Once the paperwork had settled, the total bequest to each of the schools came to $5.2 million. A lot of clams.

The scale of this unexpected gift was stunning. It was—by far—the largest the Foster School had ever received. But perhaps most remarkable was that the money arrived without strings or fanfare, accompanied by a humble directive: to be used at the discretion of school leadership.

“It didn’t matter to Ivar if he got credit,” says Bob Donegan, the current president of Ivar’s Inc. “All he wanted was for kids to get a great education.”

Ivar Haglund, boy troubador

The singing entrepreneur

Haglund’s own education—at least the formal kind—culminated at the UW College of Business Administration, where he earned a BA in economics in 1928. “An ironic degree to get a year before the stock market crash of 1929,” noted historian Paul Dorpat, who’s working on Haglund’s biography. “But Ivar was always ahead of the times.”

At the UW, Haglund sang with the Glee Club, and earned side cash performing a vaudevillian song-and-dance routine peppered with bits of comedy.

The UW’s 1928 Varsity Glee Club, with Ivar Haglund standing in the second row, second from the left.

He passed the Great Depression living the bohemian idyll of a folk-singing troubadour who kept company with the likes of Pete Seeger, Woody Guthrie and Burl Ives.

But Haglund, the son of Swedish and Norwegian pioneers, had a penchant for industry.

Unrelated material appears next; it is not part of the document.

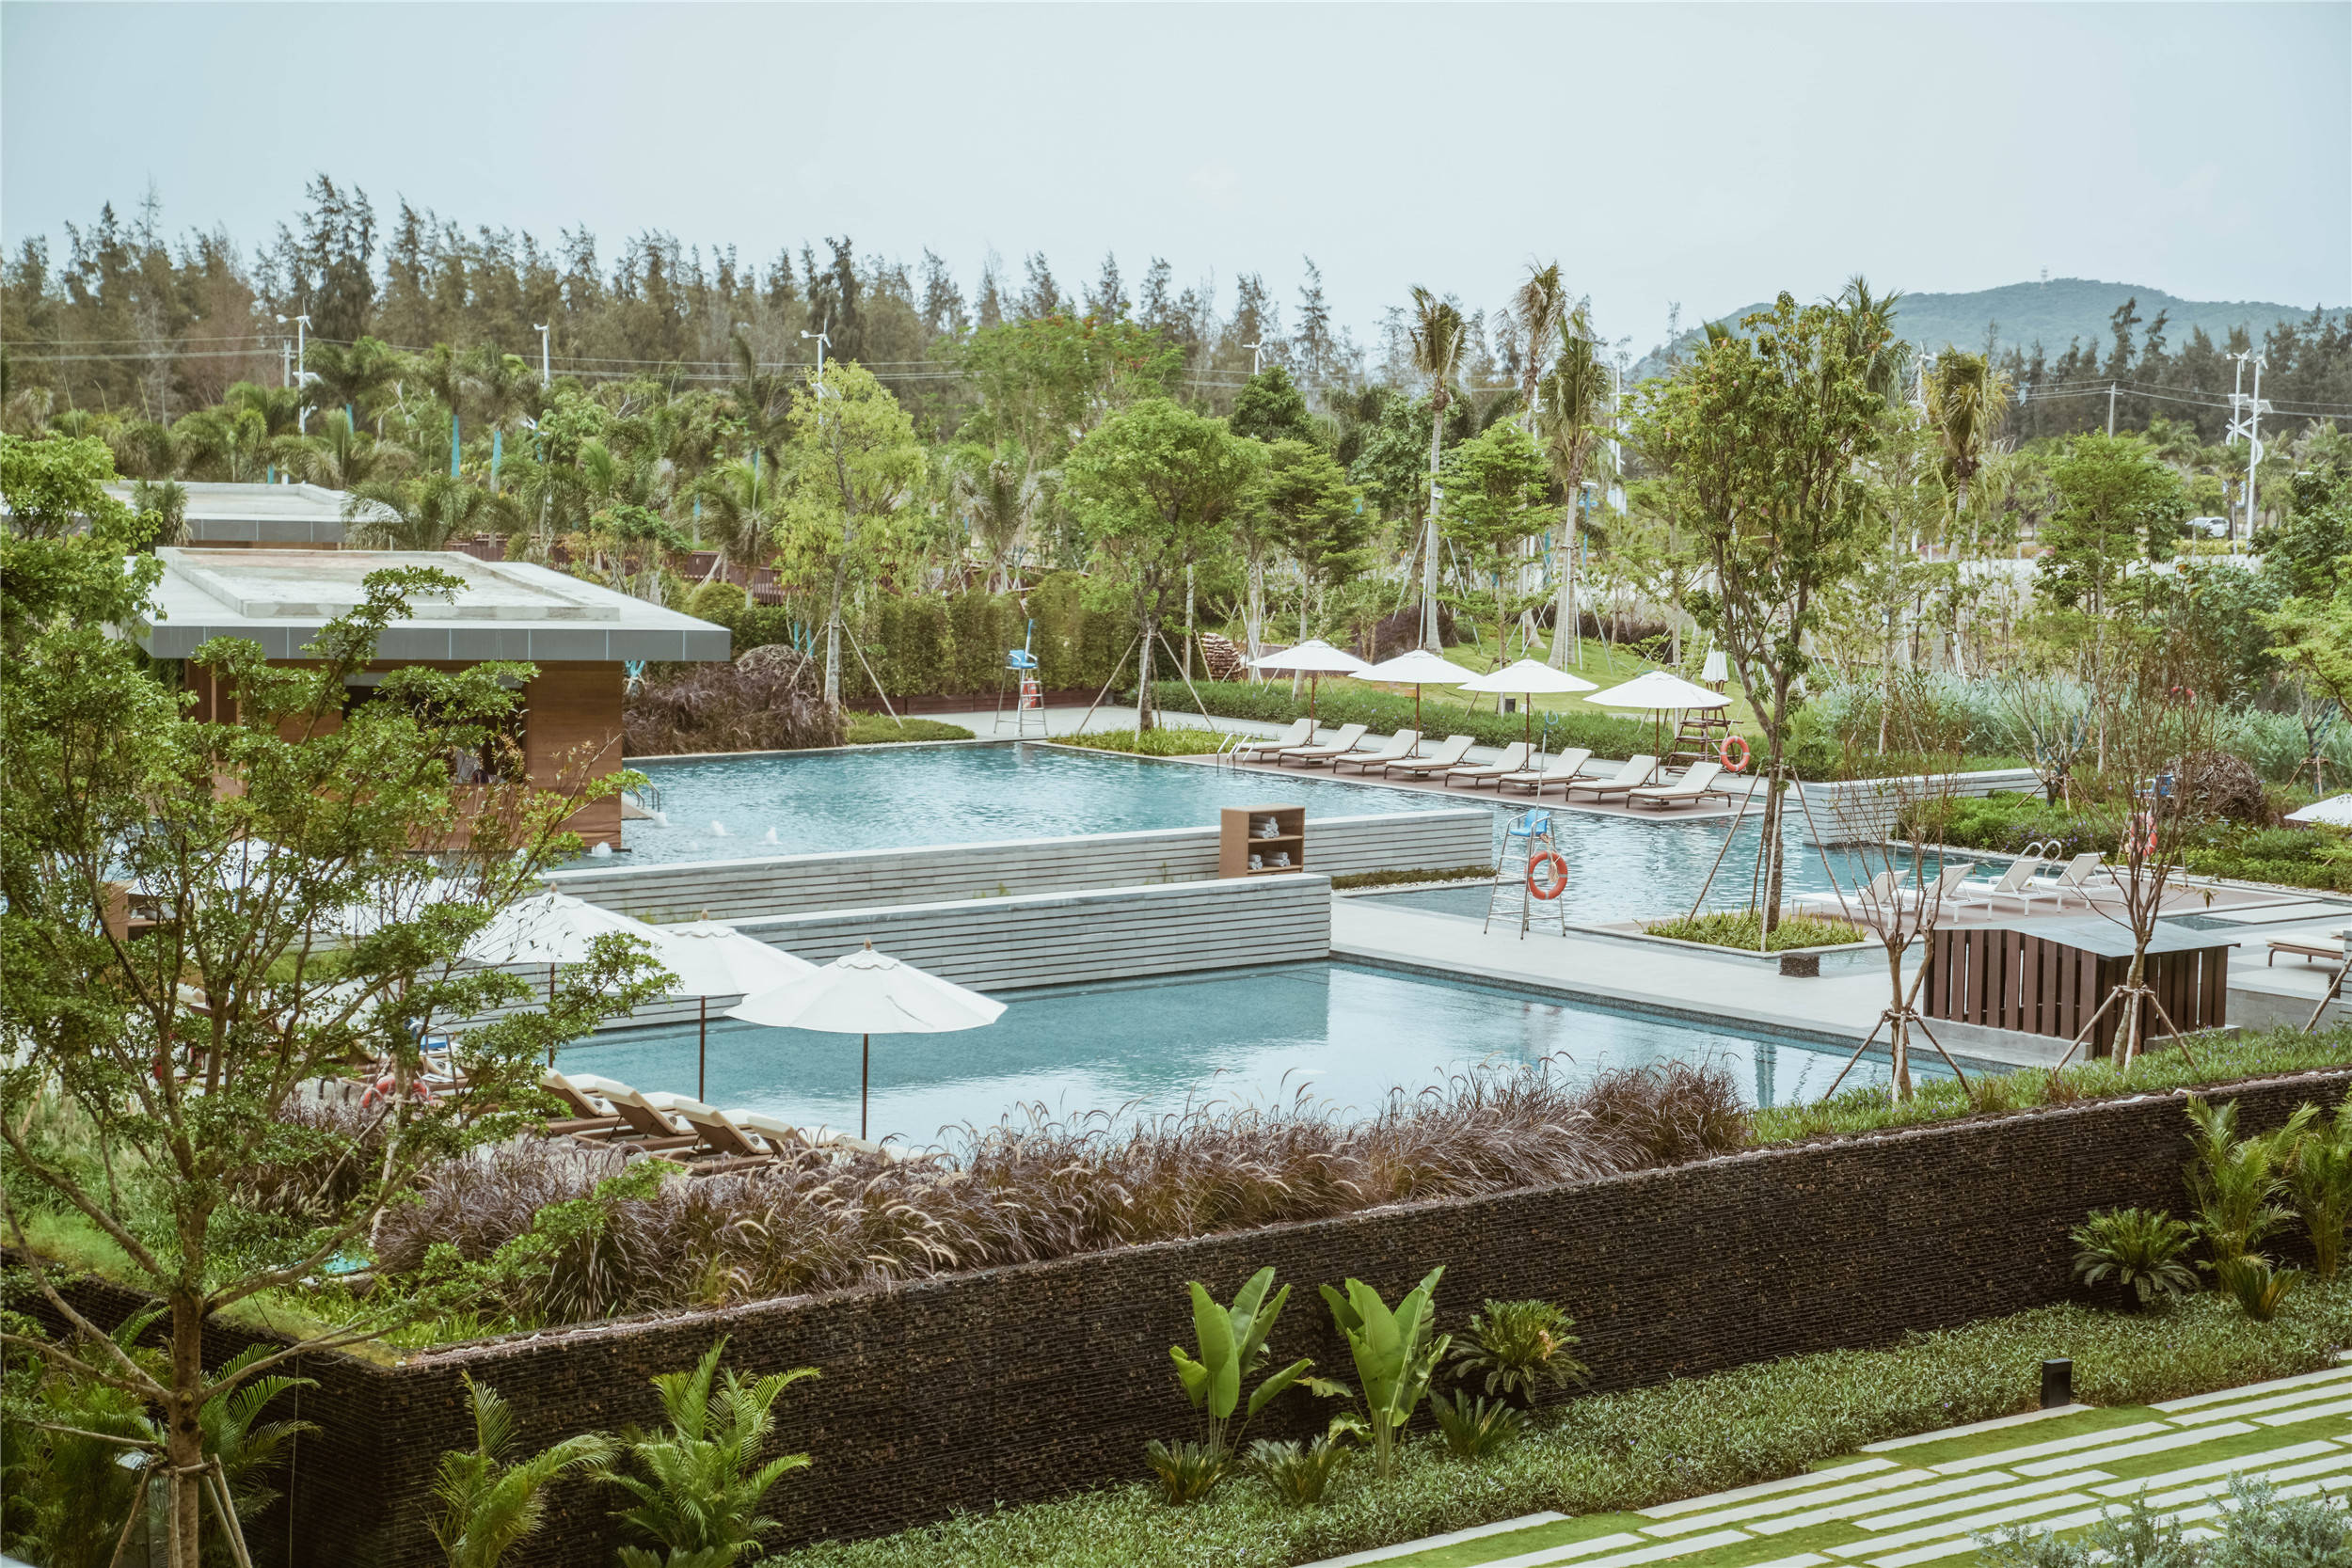 三亚首家野奢生态酒店,绿植缠绕犹如走进森林氧吧,度假首选之地

Plus, an abiding passion for the Seattle waterfront that developed during his long trolley commutes to the UW campus from his family home on Alki Point.

In 1938, Haglund opened one of the city’s first aquariums, on what is now Pier 54. More significantly, he also opened an adjacent fish-and-chips stand to serve hungry patrons.

Soon enough, he realized that there was more money to be made in seafood to eat than to ogle.

The Seattle waterfront before Haglund opened for business on Pier 54.

Ivar’s Acres of Clams opened in 1946, a full-service restaurant embellished with kitchsy nautical décor. And a regional empire of eateries grew from there, on a steady diet of fresh local seafood and inventive promotion that was packed to the gills with gut-busting songs, groan-inducing puns, and headline-grabbing stunts—for publicity and, well, just for the halibut.

Stunt man

A career of strategic tomfoolery began in December 1940, when Haglund trundled his aquarium’s star seal, Patsy, in a baby buggy to Frederick & Nelson for the first of many annual visits to Santa Claus.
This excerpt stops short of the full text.